Foreign characters in strings

Hi there,

I have a test that checks to make sure a string has been
URI.unescape’d. I’m testing two different strings. One string that I’m
dealing with contains foreign characters, and the other string
contains ‘regular’ English characters. Here are the tests:

describe Song, “should be valid” do
before(:each) do
@song = Song.new
end

it “when location= has been sanitized dealing with foreign characters”
do
@song.location =
“file://localhost/Users/dave/Music/iTunes/iTunes%20Music/Sigur%20Ros/Agaetis%20Byrjun/05%20Ny%CC%81%20batteri%CC%81.m4a”
@song.save
@song.location.should == “/Users/dave/Music/iTunes/iTunes
Music/Sigur Ros/Agaetis Byrjun/05 Ný batterí.m4a”
end

it “when location= has been sanitized dealing with non-foreign
characters” do
@song.location =
“file://localhost/Users/dave/Music/iTunes/iTunes%20Music/Mogwai/Mr.%20Beast/Travel%20Is%20Dangerous.mp3”
@song.save
@song.location.should eql(“/Users/dave/Music/iTunes/iTunes
Music/Mogwai/Mr. Beast/Travel Is Dangerous.mp3”)
end

end

Here’s the following error I get when running the example:

when location= has been sanitized dealing with foreign characters
expected: “/Users/dave/Music/iTunes/iTunes Music/Sigur Ros/Agaetis
Byrjun/05 Ný batterí.m4a”,
got: “/Users/dave/Music/iTunes/iTunes Music/Sigur Ros/Agaetis
Byrjun/05 Ný batterí.m4a” (using ==)

And for what it’s worth, here’s the location= method:

def location=(location)
self[:location] = URI.unescape(location).gsub!(“file://localhost”, “”)
end

Obviously those strings are not equal in the result above, but when I
view the output using Textmate’s Rspec bundle, I see this:
http://antrover.com/data/rspec_results.png
(screenshot)

The strings look identical using Textmate’s Rspec bundle until I copy
and paste the output into some other text editor only to reveal the
fact the strings are not equal. This leads me to believe there’s an
encoding issue somewhere, but I’m not sure where. Textmate and the
terminal are both in UTF8.

When I copy the above error message into vim from Textmate’s Rspec
bundle I see this:
expected: “/Users/dave/Music/iTunes/iTunes Music/Sigur Ros/Agaetis
Byrjun/05 Ný batterí.m4a”,
got: “/Users/dave/Music/iTunes/iTunes Music/Sigur Ros/Agaetis
Byrjun/05 Ny?~A batteri?~A.m4a” (using ==)
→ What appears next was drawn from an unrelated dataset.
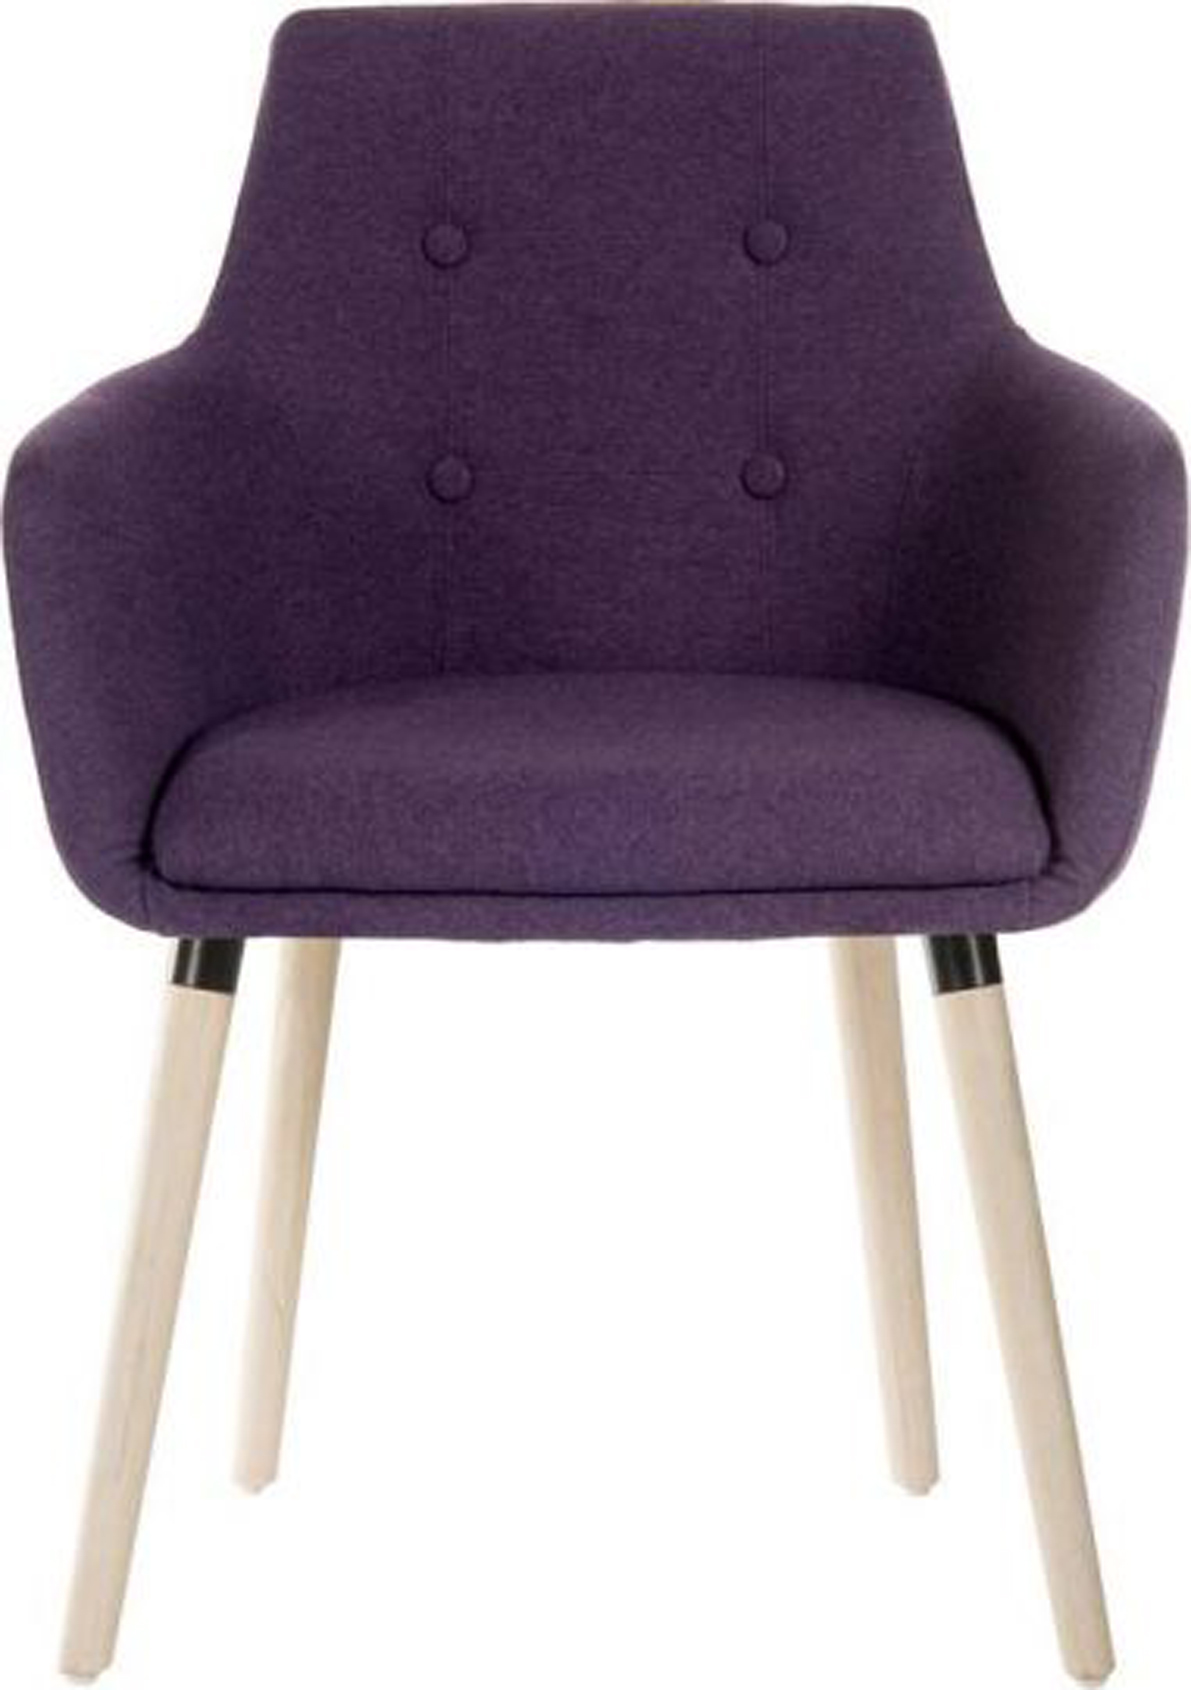 Upholstered Reception Chair - Purple

Anyone have any ideas on how to make this (simple!) test pass with
flying colors?

Thank you,
Dave

On Mar 22, 2008, at 4:17 pm, Dave wrote:

Anyone have any ideas on how to make this (simple!) test pass with
flying colors?

You will need to use a unicode library. Judging by the length of the
strings being compared, I think what is happening is the ý and í
characters are being entered in different ways. URI is encoding them
as letter+accent (total length 84) whereas your test string is
encoding them as single character (total length 82). (Actual length
of the string is 80, I counted by hand).

I’m no unicode expert but I do know that some characters can be
encoded either the form <é> or the form <e + ´>

Without resorting to a unicode library you would have to do

URI.should_receive(:unescape).with("…")

to test it, which is more of a unit test than a functional test.

Hope this helps.

Ashley

Here’s the code I wrote as a test:

Error:
Song when location= has been sanitized dealing with foreign character
expected: 82, got: 84 (using ==)

$KCODE = “u”

require ‘uri’

class Song
attr_reader :location

 def location=(location)
  @location = URI.unescape(location).gsub!("file://localhost", "")
 end

end

describe Song do
before(:each) do
@song = Song.new
end

 it "when location= has been sanitized dealing with foreign

characters" do
location =
"file://localhost/Users/dave/Music/iTunes/iTunes%20Music/Sigur%20Ros/Agaetis%20Byrjun/05%20Ny%CC%81%20batteri%CC%81.m4a
"
@song.location = location

   expected_sanitized_location = "/Users/dave/Music/iTunes/iTunes

Music/Sigur Ros/Agaetis Byrjun/05 Ný batterí.m4a"
@song.location.length.should ==
expected_sanitized_location.length
@song.location.should == expected_sanitized_location
end

  it "when location= has been sanitized dealing with non-foreign

characters" do
location =
"file://localhost/Users/dave/Music/iTunes/iTunes%20Music/Mogwai/Mr.%20Beast/Travel%20Is%20Dangerous.mp3
"
@song.location = location

    expected_sanitized_location = "/Users/dave/Music/iTunes/iTunes

Music/Mogwai/Mr. Beast/Travel Is Dangerous.mp3"
@song.location.length.should ==
expected_sanitized_location.length
@song.location.should eql(expected_sanitized_location)
end
end